Prior to CEDM performance, it is necessary to compile a list of species records (i.e. geographic coordinates) and of values of climatic variables which are suitable to describe the actual range of the target species. Fortunately, GIS-maps of environmental variables help to find suitable data sets in many regions (e.g. http://www. worldclim.org). A subsequent step involves the development of a multidimensional view of the climate envelope of a species, which is a challenge given the complex nature of a species' ecological niche (Peterson and Vargas 1993). In simple words, in CEDMs as mentioned here, climatic information for the presence of species localities are summarized to an 'ideal' climatic niche for the target species which is afterwards compared to climatic conditions at localities of query, i.e. from which the presence or absence of the target species is unknown. The results are geographic maps showing different degrees of similarity (interpreted as suitability) of a region with the 'ideal' climatic niche. The selection of a moderate algorithm for the computation of a CEDM depends on the amount of distribution records available and their quality.
One of the earlier applied algorithms for the presence of species data is BIOCLIM (Nix 1986; Busby 1991), as implemented in DIVA-GIS 5.4 (Hijmans et al. 2002; http://www.diva-gis.org). It develops CEDMs by intersecting the ranges inhabited by the species along each environmental axis. More sophisticated algorithms are GARP (Stockwell and Noble 1992; Stockwell and Peters 1999), DOMAIN (Carpenter et al. 1993), Maxent (Phillips et al. 2006) and LIVES (Li and Hilbert 2008). The machine-learning Maxent (see below) is often superior to most other methods and hence becomes more and more distributed (e.g. Elith et al. 2006). If records of apparent species absence are available for modeling other algorithms, such as 'artificial neuronal networks', 'classification and regression trees', 'generalized additive models' or 'generalized dissimilarity models' can be applied. These algorithms for example are implemented in the BIOMOD tool (Thuiller 2003).

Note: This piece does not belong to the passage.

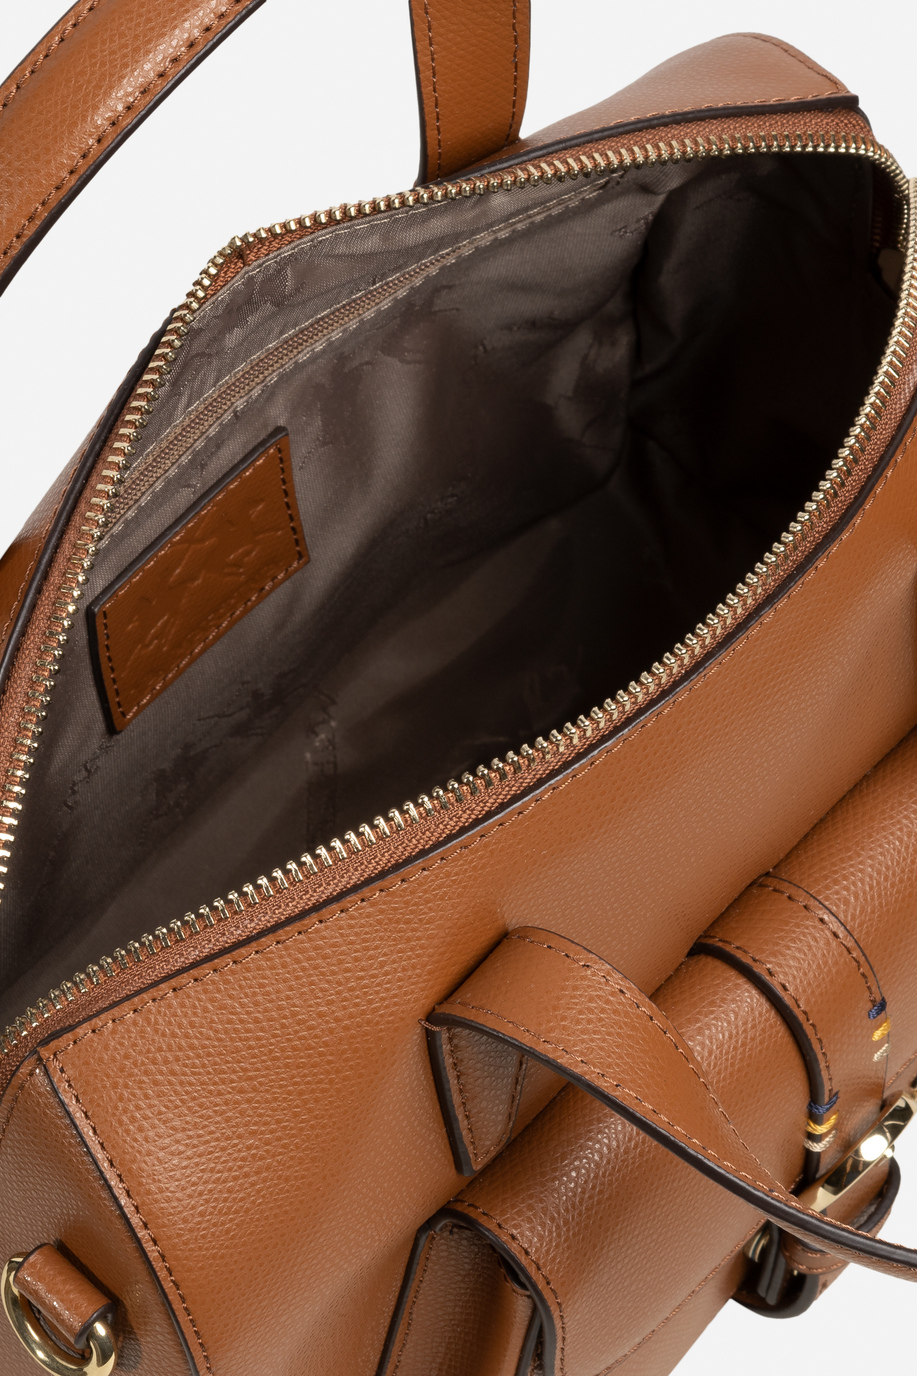 Damentasche aus Leder - Taschen | La Martina - Official Online Shop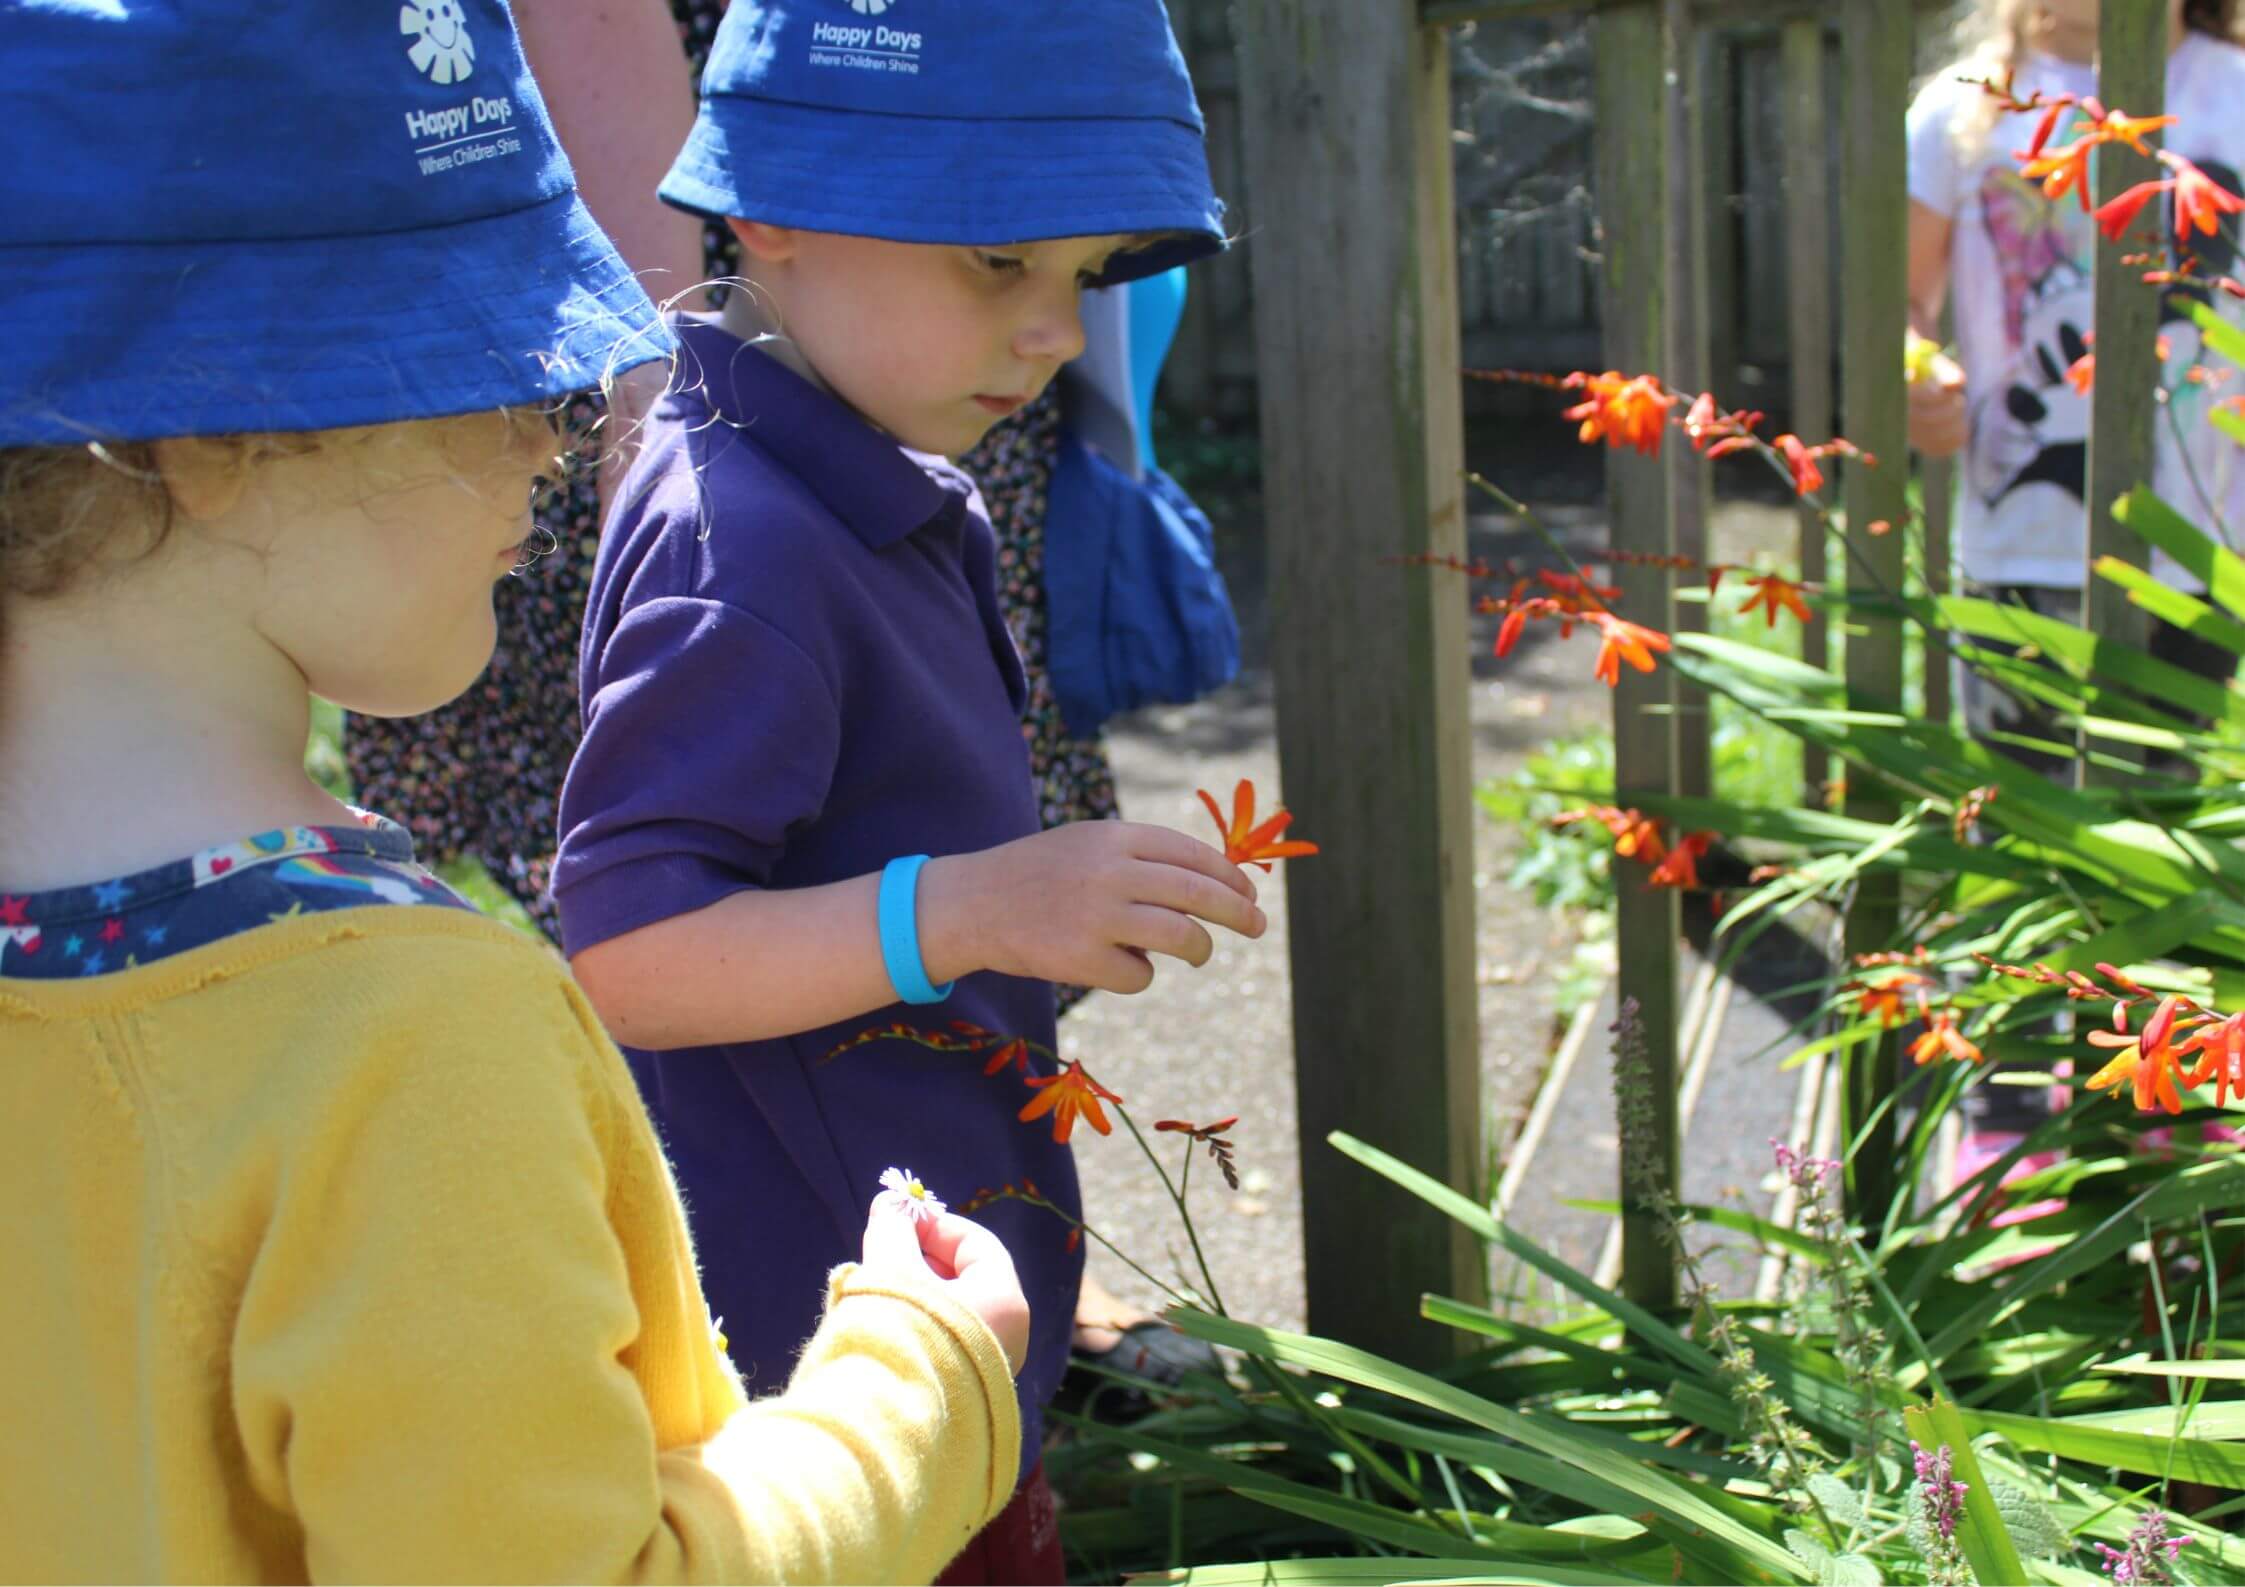 Children outdoors picking flowers

Unfortunately, the high degree of endemism in the Pantepui region causes difficulties when using CEDMs at the species level, since a minimum amount of 10-20 distribution records pending on the algorithm applied is at least necessary (e.g. Elith et al. 2006). Looking at the herpetofaunal assemblages, 109 out of 159 (i.e. 97 amphibian and 62 reptile) species are only known from a single tepui (McDiarmid and Donnelly 2005). As a result, even in this relatively well documented group in the region, for most species CEDMs cannot be seriously generated. Since species distributions are commonly related to specific habitats, one possibility is to perform CEDMs for habitats rather than for a single species using a random set of distribution points within a target habitat. Such an approach was well performed by Carnaval and Moritz (2008) for the identification of climatically stable refugia during the Last Glacial Maximum (LGM), 21,000 years BP, in the Brazilian Atlantic forest.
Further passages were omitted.